That’s not the same.

>> AMBER: I’m not seeing any other questions coming up. M said, “I agree that we should move away from scores and just fix what is wrong or build it right at the start. The point should be to create an inclusive and welcoming site for everyone.”

>> KARL: Yes.

>> AMBER: The last question that I wrote down was when you were talking about user testing. The way we sort of have approached this is we try to do automated testing and then we have our developers do manual testing themselves. After all those things are fixed, we bring in users. and I’m wondering if you have thoughts about like how people can incorporate users in their testing process. Should it be earlier? Also, maybe for someone who’s new to that, how would they go about finding users?

>> KARL: I would suggest strongly never to do usability testing until you’ve done automated and manual testing. The reason why is because you don’t want to waste your time, you don’t want to waste your participants’ time. If there’s money involved like paying stipends, which you should be doing, then you’re wasting money. I would strongly recommend not doing user testing until you’ve gotten that other stuff out of the way. I’ve seen this plenty of times. You’re going to have a person failing a task for an extraordinarily obvious reason. I’ll give you a great example. I was once testing a jobs website. This was a jobs site where in order to post your resume, you have to have an account. In order to, apply for a job, you have a resume so on and so forth.

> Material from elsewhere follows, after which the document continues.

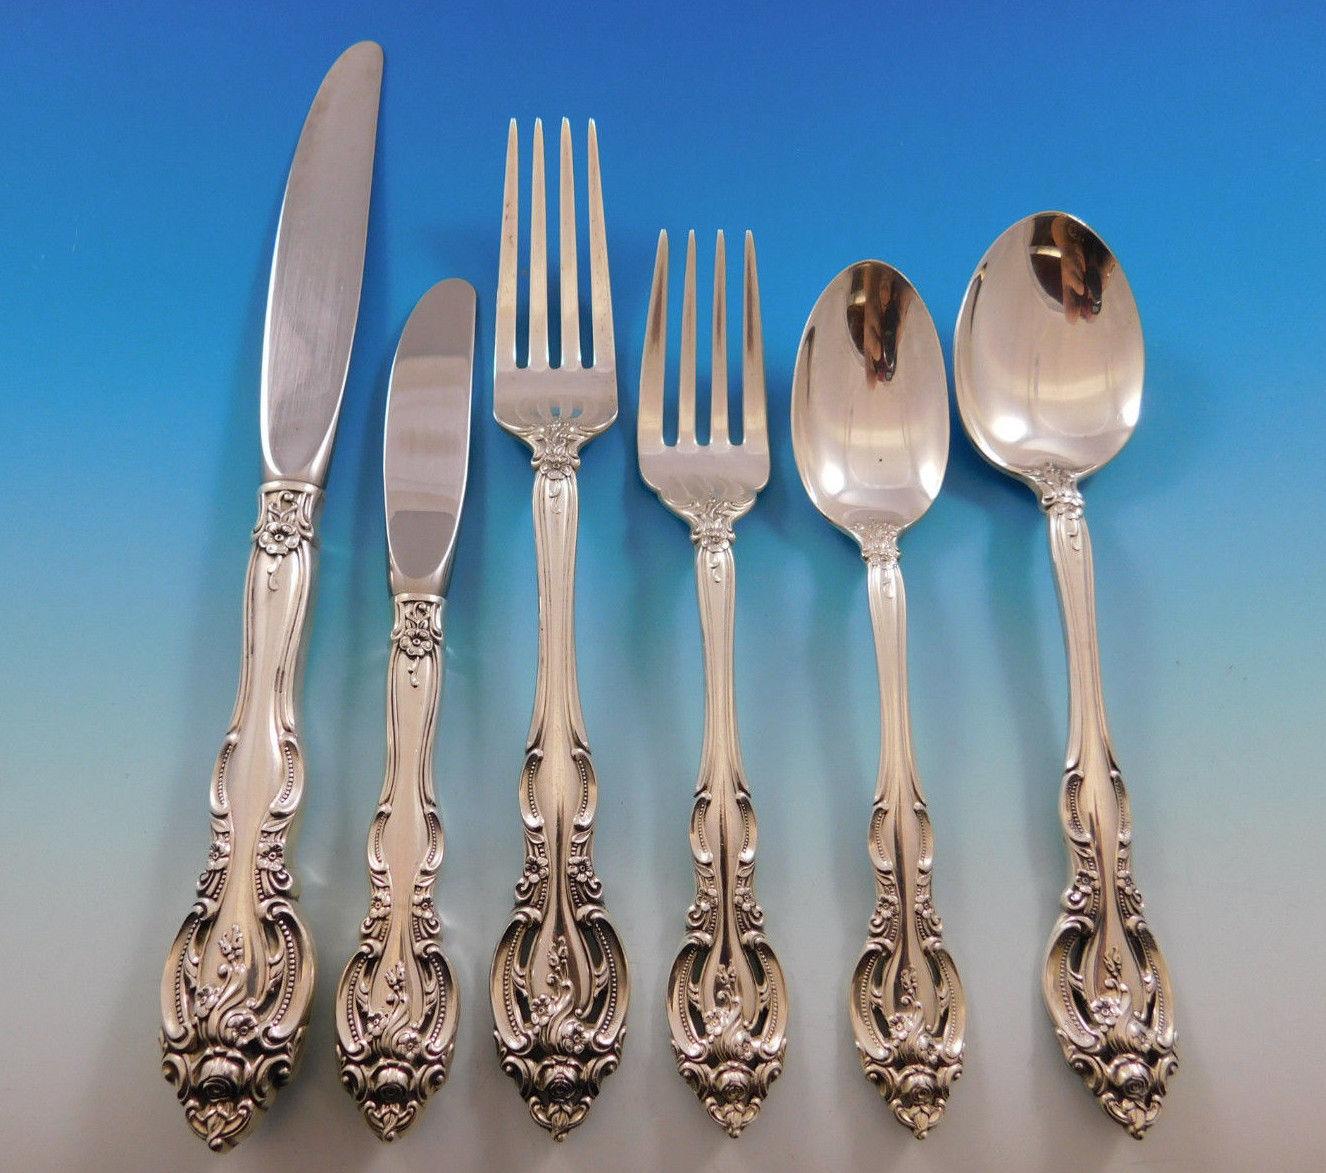 La Scala by Gorham Sterling Silver Flatware set - 51 pieces. This set includes:

Eight knives, 9

If you’re testing this whole ability to upload a resume, but the fields don’t have labels or there’s a stupid focus problem or something like that, then you’re not really testing the usability of this process. You’re getting bogged down in technical problems that should have been addressed in the first place, but once you’ve done that the next part would be usability testing. There’s a ton of ways to do it right. There’s a ton of ways to do it effectively that aren’t like ideal. The ideal is of course you, you do a recruit. You have a defined persona. You recruit against that persona, blah, blah, blah, blah. That stuff can get really, really expensive.

If you don’t have the budget for that, you can grab some people who at least have some domain knowledge in the area of this website, and recruit them to do the testing. Lots of places are out there to finding participants in this. NFB, local lighthouses or any of the other AFB, NFB and ACB, those sort of things. You can reach out to them to see if there are any people who would be willing to participate. That should have you covered for non-visual testers. The same thing goes for any other sort of population.

There’s plenty of disability rights organizations or advocacy organizations that have lists of people who might want to participate or might be available to participate or they’ll share your announcement to your call for participants. Like M said, just make sure you pay them. [chuckles] Give them a stipend of some kind. The going rate for stipends is about $75 to $150 bucks. It’s well worth it once you’ve done that testing if you’re ready for it. By the way, going back to the question about the VPAT. Another thing that I should have mentioned before is there’s a new organization that’s out there that is trying to create an accessibility reports standard. It’s like what they say here in the introduction of a window sticker, similar to a car window sticker for telling people what your performance is for accessibility.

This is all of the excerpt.